6. Give desert trees a quick refresh.
Prepare your desert trees for the coming months by cleaning up unwanted suckers and dead or broken branches. Unlike deciduous trees, heavy pruning shouldn’t be conducted until warmer weather has arrived. A good time to do this is towards the end of spring, after the last chance of frost has passed.
7. Check on your perennials.
Keep a watchful eye on perennials to prevent pests like spider mites, aphids, and whiteflies from taking over. If you notice any harmful pests on these plants, treat by using NATRIA Insecticidal Soap or SAFER End All Insect Killer RTU.
8. Prepare for planting!
Did you know that fall is the best time for planting in the Southwest? At this time, the soil is still warm from the summer, so seeds are more likely to germinate and roots will establish themselves better. This season also provides more time for new plants to get comfy in their new home before facing their first summer.
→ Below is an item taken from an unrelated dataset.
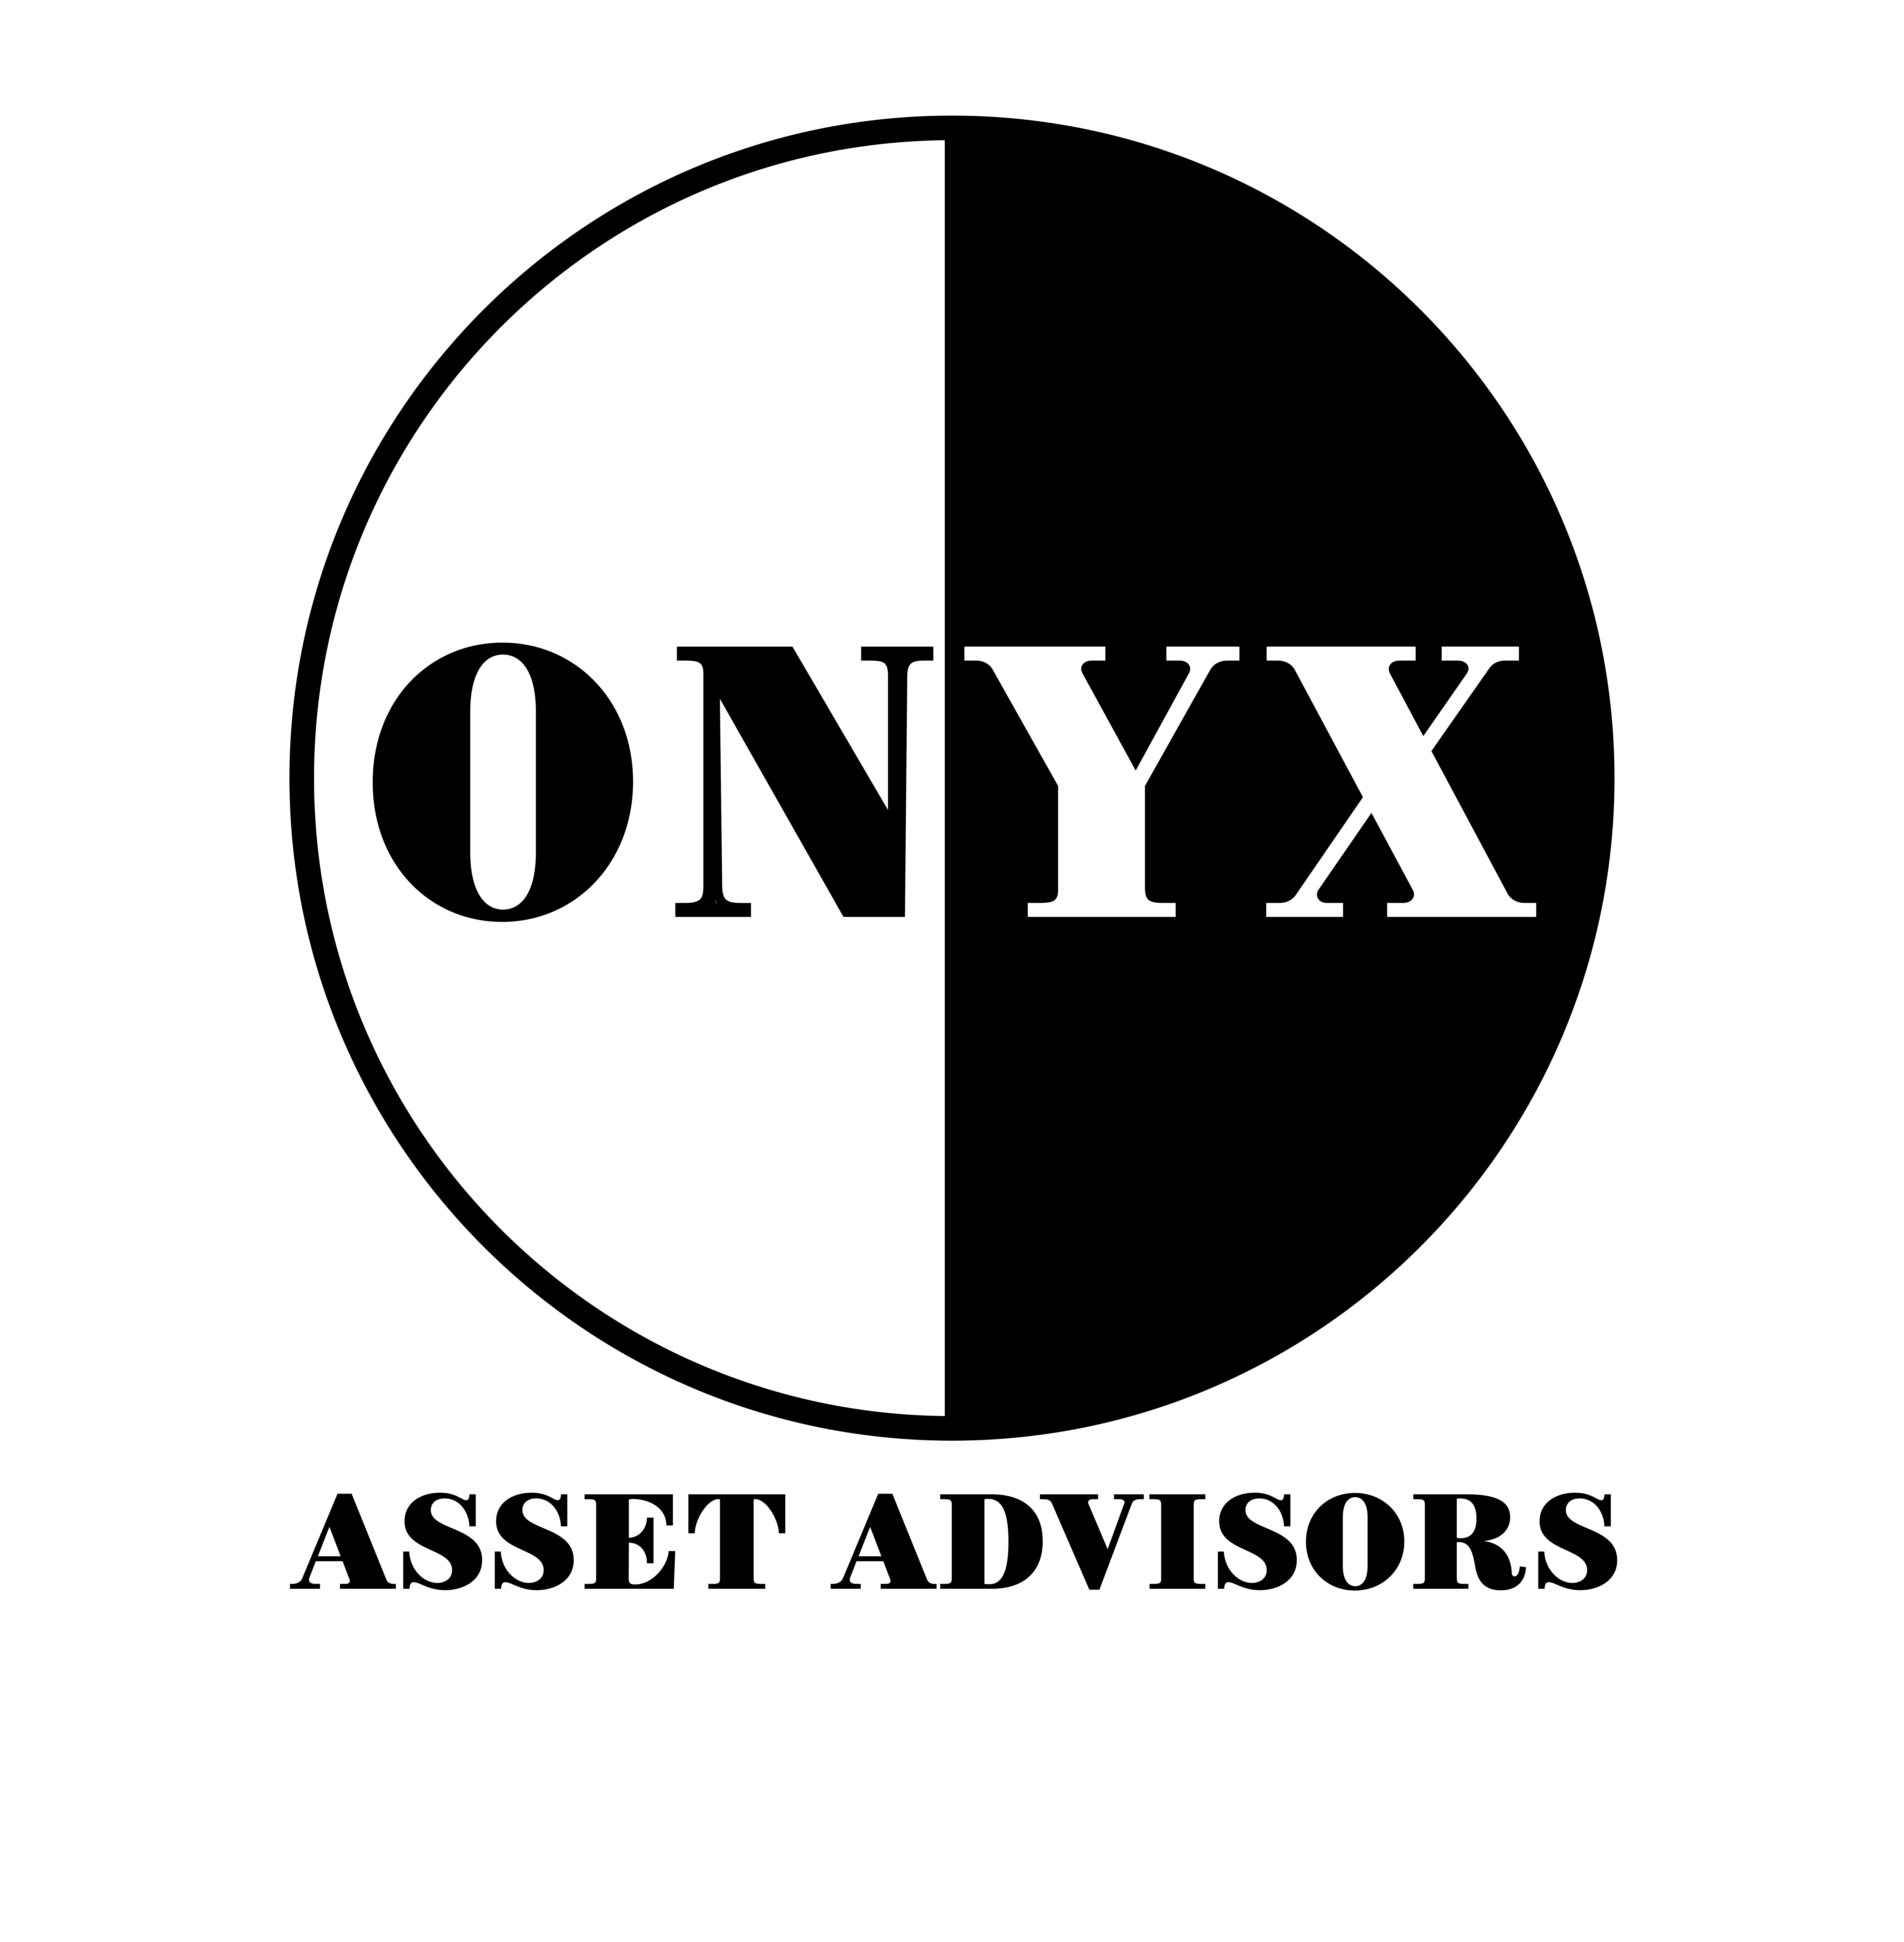 Think Onyx

Although fall is a great time for planting everything, some common fall favorites are
- Cool-season vegetables like spinach, turnips, lettuce, radish, carrots, peas, and onions
- Fruit and citrus trees
- Fall flowers like petunias, marigolds, snapdragons, viola, and pansies!
Whether you’re looking to start a garden or add more plants to the landscape, now is the best time, so get digging! Before you start, be sure to read Star Note #001 – Planting Guide to make sure you provide the ideal growing conditions for your new plant. Always double-check that you’ve chosen the right plant for the area you intend to plant in, as this will increase your chances of success.
The best method is to assess your yard and maintenance habits, then research the needs of the variety you’d like to plant. To kick-start your research, check out our Plant Library! If the needs of the plant align with the conditions it will receive in your yard, it’s a perfect match. If you’ve been struggling with growing in our desert soils, check out our Ultimate Guide to Improving Desert Soils.
Keeping a record or log of the plant in your landscape can prove invaluable. Take note of the variety, ideal growing locations, the location you’ve selected, as well as the watering and fertilization schedule. By tracking this information, you can accurately evaluate your plant’s health and feel more confident in maintaining healthy growth.
As we inch closer to September, it’s that time of year when our gardens start to shift gears. The sun-soaked days of summer begin to fade, and even our landscapes begin to get excited for fall vibes. So, grab your favorite garden gloves and let’s get digging!